## Provided data

====================

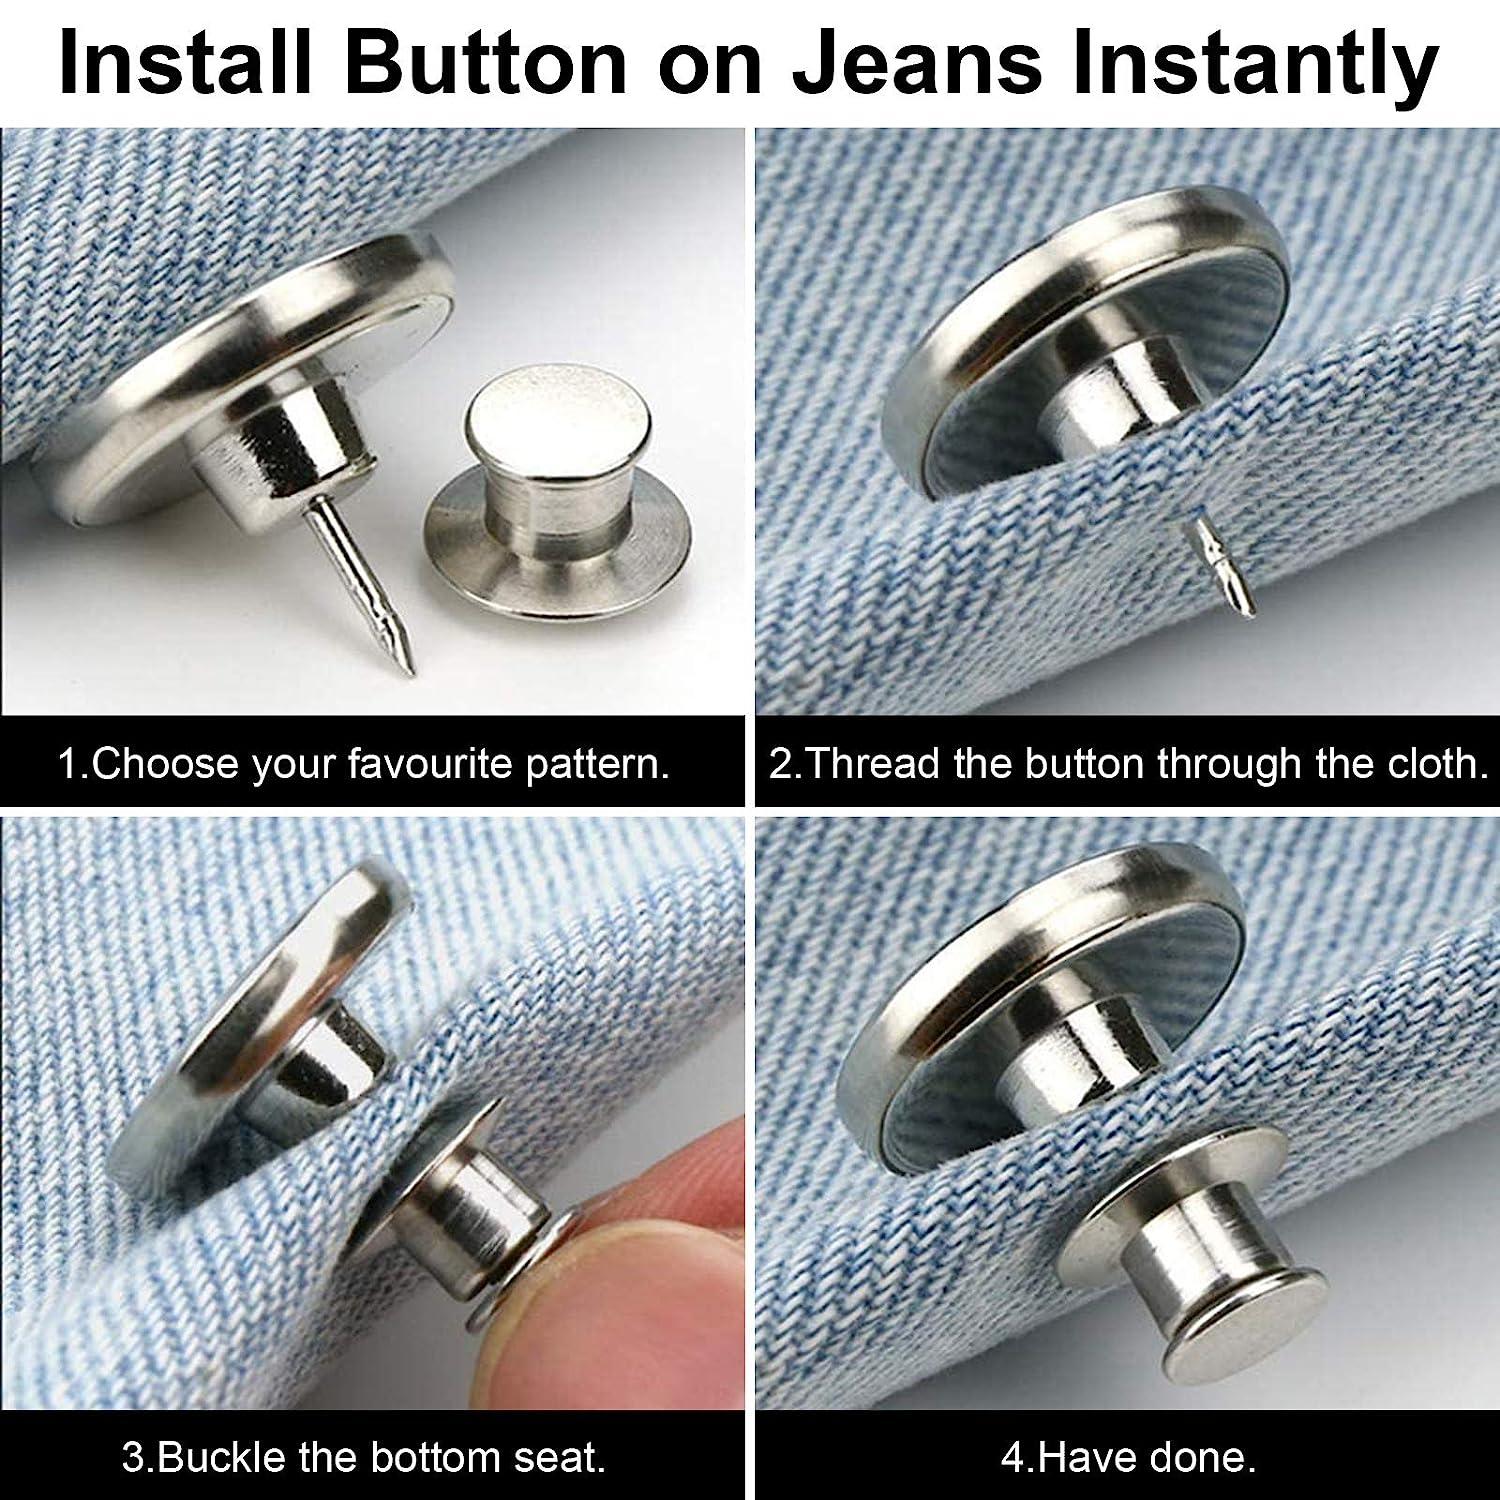  [Upgraded] 8 Sets Jean Buttons Replacement No Sew  Needed,TOOVREN Jean Button Pins,Perfect Fit Instant Button Jean,Button  Clips,Removable Adjustable Jean Button,Metal Button Adds Pants Waist in  Seconds : Arts, Crafts & Sewing
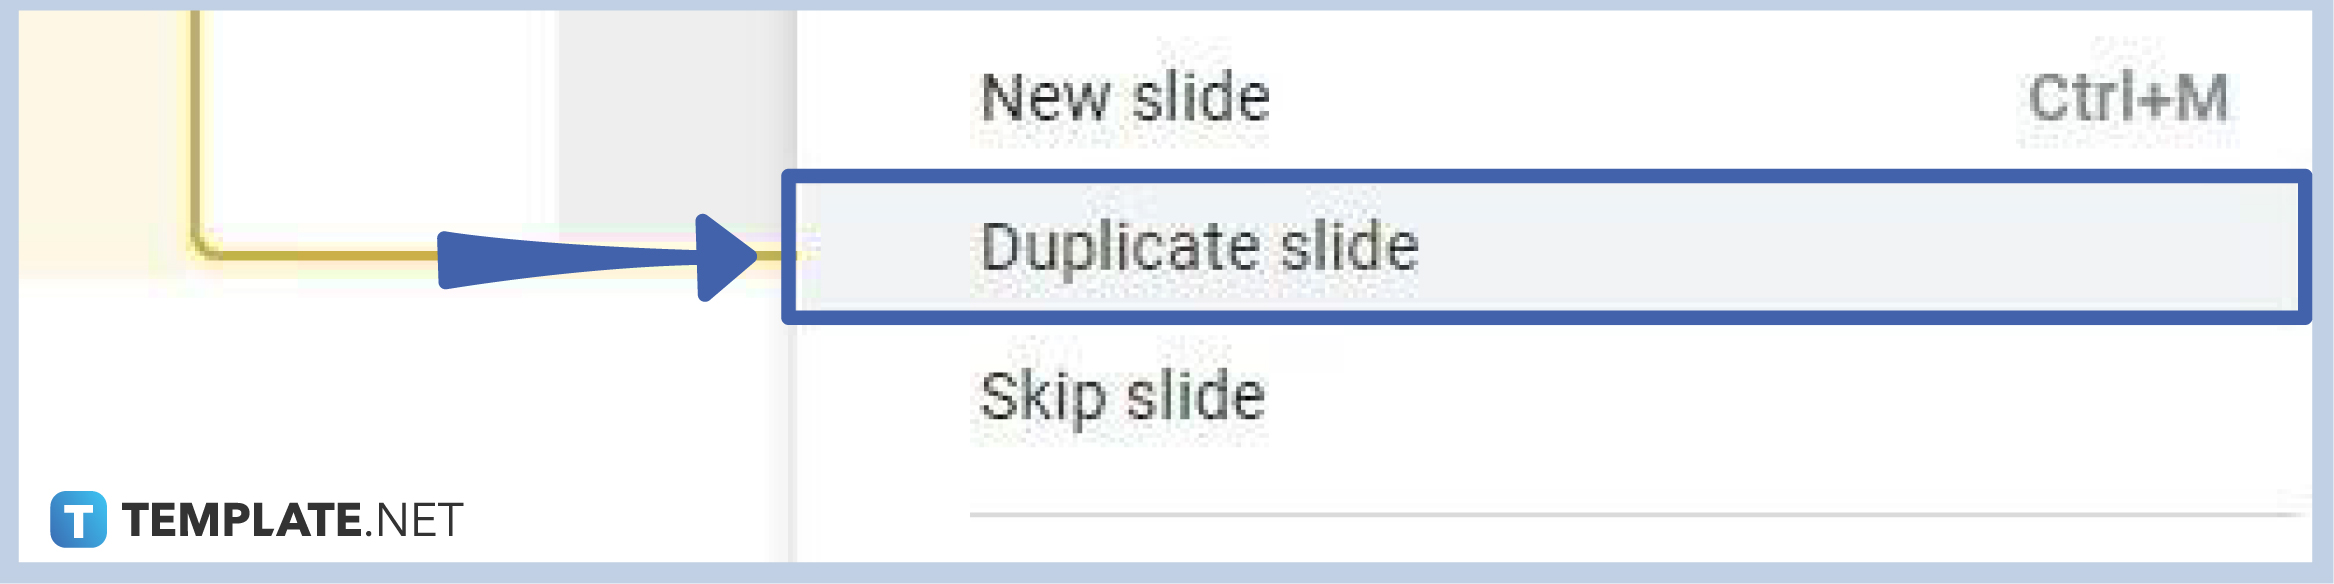 step-3-click-duplicate-slide-multiple-times-to-add-more-slides-01
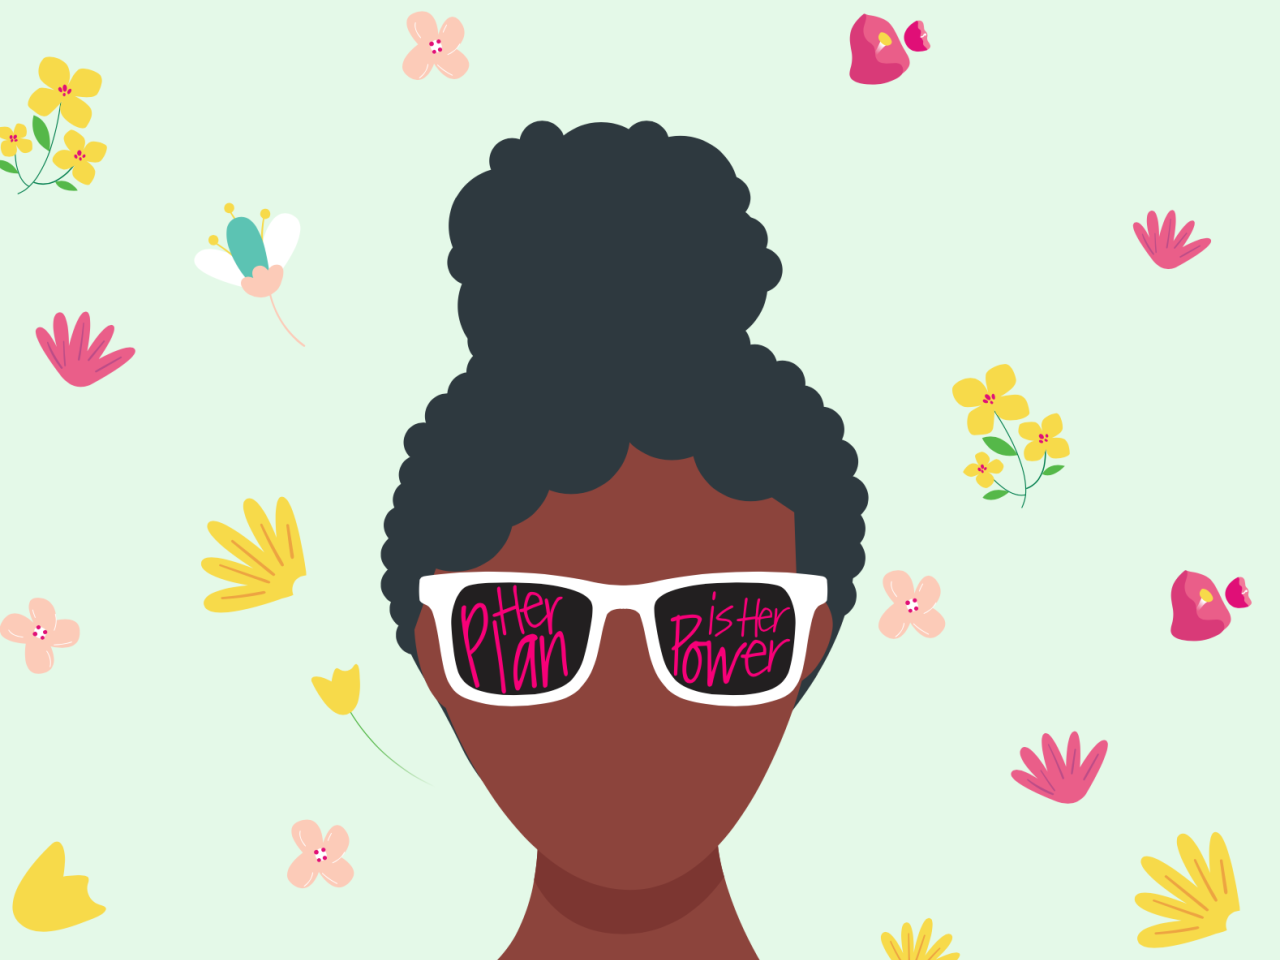 Illustration of a woman wearing glasses with the text "Her Plan Is Her Power" in the lenses of the glasses

====================

## Task statement
Word for word, quote the lines above. Omit the pictures.

## Your solution
  [Upgraded] 8 Sets Jean Buttons Replacement No Sew  Needed,TOOVREN Jean Button Pins,Perfect Fit Instant Button Jean,Button  Clips,Removable Adjustable Jean Button,Metal Button Adds Pants Waist in  Seconds : Arts, Crafts & Sewing
 step-3-click-duplicate-slide-multiple-times-to-add-more-slides-01
 Illustration of a woman wearing glasses with the text "Her Plan Is Her Power" in the lenses of the glasses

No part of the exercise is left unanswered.